Unfortunately I do not have enough reputation to post images, but you might see from the code that the graphic is complex.

It would be fantastic if you would have useful suggestions. Thanks a lot!


Solution

  • TL;DR: Look at the bottom.

    Consider these figures:

    ggplot(iris, aes(Species, Sepal.Length)) + geom_boxplot() + 
      theme_classic()
    

    enter image description here

    This is your basic plot. Now you have to consider the Y-axis.


    ggplot(iris, aes(Species, Sepal.Length)) + geom_boxplot() + 
      theme_classic() +
      scale_y_continuous(limits = c(0,NA), expand = c(0,0))
    

    enter image description here

    This is the least misleading way of emphasizing that there is a zero floor to the data, even if there are no actual points below a certain value. Percent milk protein is a good example of data where negative values are impossible and you want to emphasize that, but that no observations were near zero.

    This also shrinks the explanatory range of the Y axis, so that there's less difference between the observations. If this is something you want to emphasize, that can be good. But if the natural range of some data is narrow, including the zero (and the resulting empty space) is misleading. For example, if milk protein is always between 2.6% and 2.7%, then the zero value is not a true floor for the data, but just as impossible as -50%.

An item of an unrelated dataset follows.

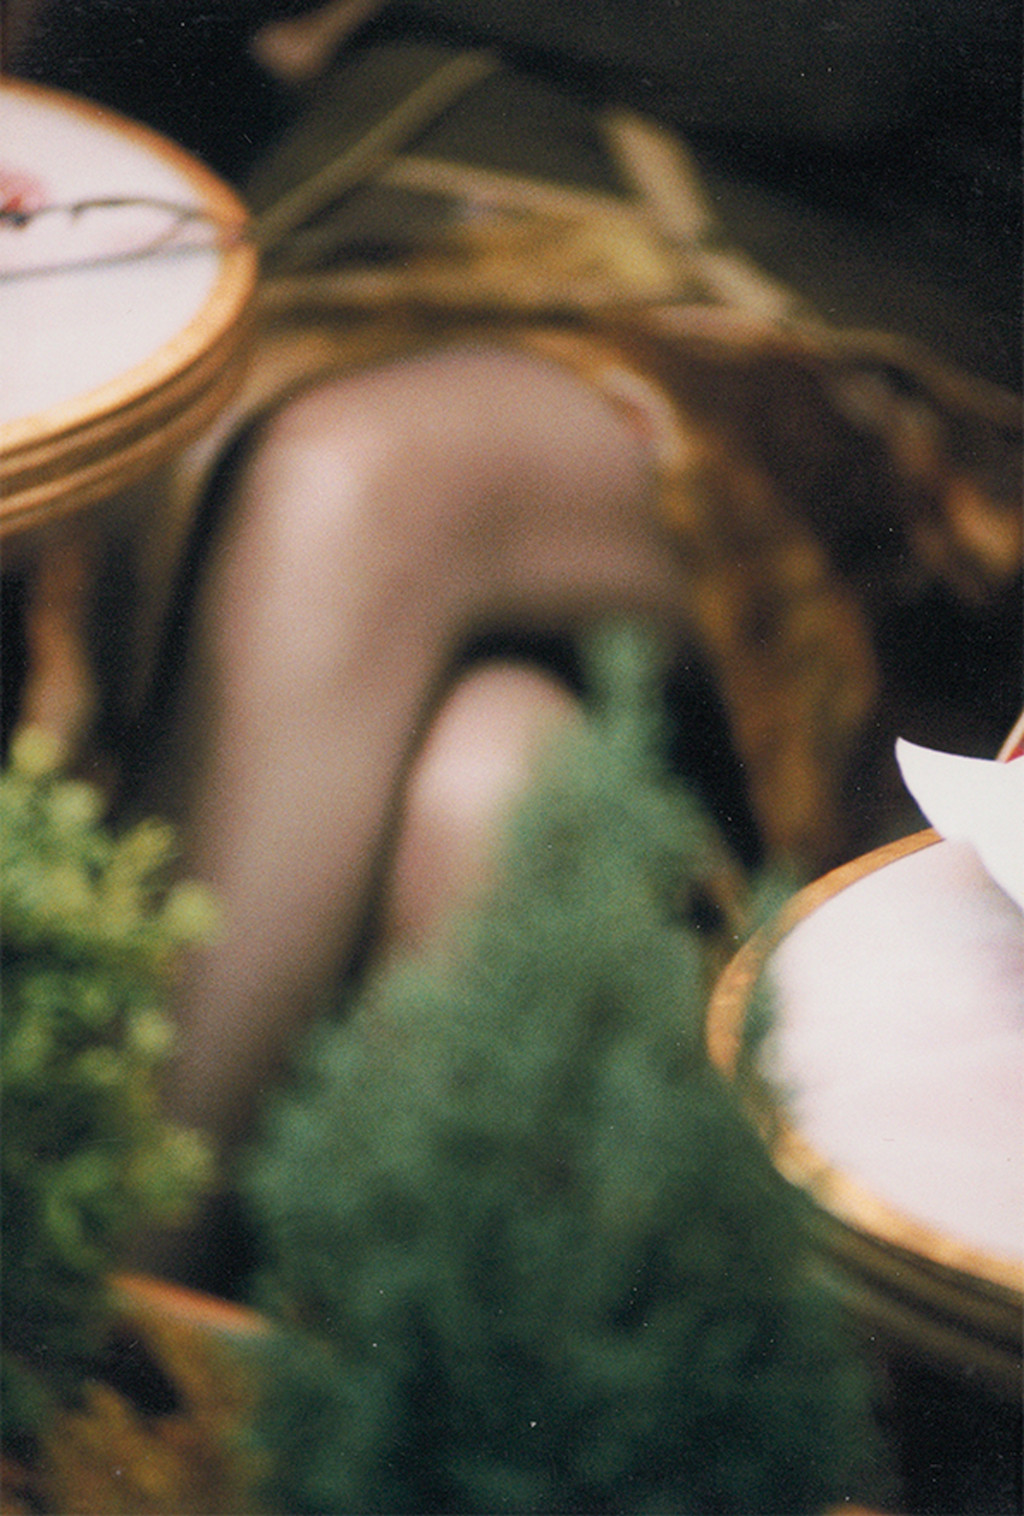 Table ronde - © christian berst — art brut

    ggplot(iris, aes(Species, Sepal.Length)) + geom_boxplot() + 
      theme_classic() +
      scale_y_continuous(limits = c(0,NA), expand = c(0,0)) + 
      theme(axis.line.y = element_blank()) +
      annotate(geom = "segment", x = -Inf, xend = -Inf, y = -Inf, yend = Inf) 
    

    enter image description here

    There are many reasons not to include a broken Y axis. It's perceived by many as being unethical or misleading to include one inside ranges of data. But this particular case is at the outer limit, beyond the actual data. I think the rules can be bent a bit for that.

    The first step is to remove the automatic Y axis line and draw it in "by hand" using annotate. Notice that the figure looks identical to the one previous. If your theme of choice uses a lot of different sizes, you're gonna have a bad time.


    ggplot(iris, aes(Species, Sepal.Length)) + geom_boxplot() + 
      theme_classic() + 
      scale_y_continuous(limits = c(3.5,NA), expand = c(0,0), 
                         breaks = c(3.5, 4:7)) + 
      theme(axis.line.y = element_blank()) +
      annotate(geom = "segment", x = -Inf, xend = -Inf, y = -Inf, yend = Inf)
    

    enter image description here

    Now you can consider where the actual data begin and where is a good spot to put the break. You have to check by hand; e.g. min(iris$Sepal.Length) and consider where the tick marks will go. This is a personal judgment call.

    I found that the lowest value was at 4.3. I knew I wanted the break to be below the minimum, and I wanted the break to be about 0.5 units long. So I chose to put a tick mark at 3.5, and then each integer afterwards with breaks = c(3.5, 4:7).


    ggplot(iris, aes(Species, Sepal.Length)) + geom_boxplot() + 
      theme_classic() + 
      scale_y_continuous(limits = c(3.5,NA), expand = c(0,0), 
                         breaks = c(3.5, 4:7), labels = c(0, 4:7)) + 
      theme(axis.line.y = element_blank()) +
      annotate(geom = "segment", x = -Inf, xend = -Inf, y = -Inf, yend = Inf)
    

    enter image description here

    Now we need to relabel the 3.5 tick to be a fake zero with labels = c(0, 4:7).


    ggplot(iris, aes(Species, Sepal.Length)) + geom_boxplot() + 
      theme_classic() + 
      scale_y_continuous(limits = c(3.5,NA), expand = c(0,0), 
                         breaks = c(3.5, 4:7), labels = c(0, 4:7)) + 
      theme(axis.line.y = element_blank()) +
      annotate(geom = "segment", x = -Inf, xend = -Inf, y = -Inf, yend = Inf) +
      annotate(geom = "segment", x = -Inf, xend = -Inf, y =  3.5, yend = 4,
               linetype = "dashed", color = "white")
    

    enter image description here

    Now we draw on a white dotted line over the manually-drawn axis line, going from our fake zero (y=3.5) to the lowest true tick mark (y=4).

    Consider that the grammar of graphics is a mature philosophy; that is to say, each element has thoughtful reasoning behind it. The fact that this is finicky to do is for good reasons, and you need to consider whether your own reasons are sufficient weight on the other side.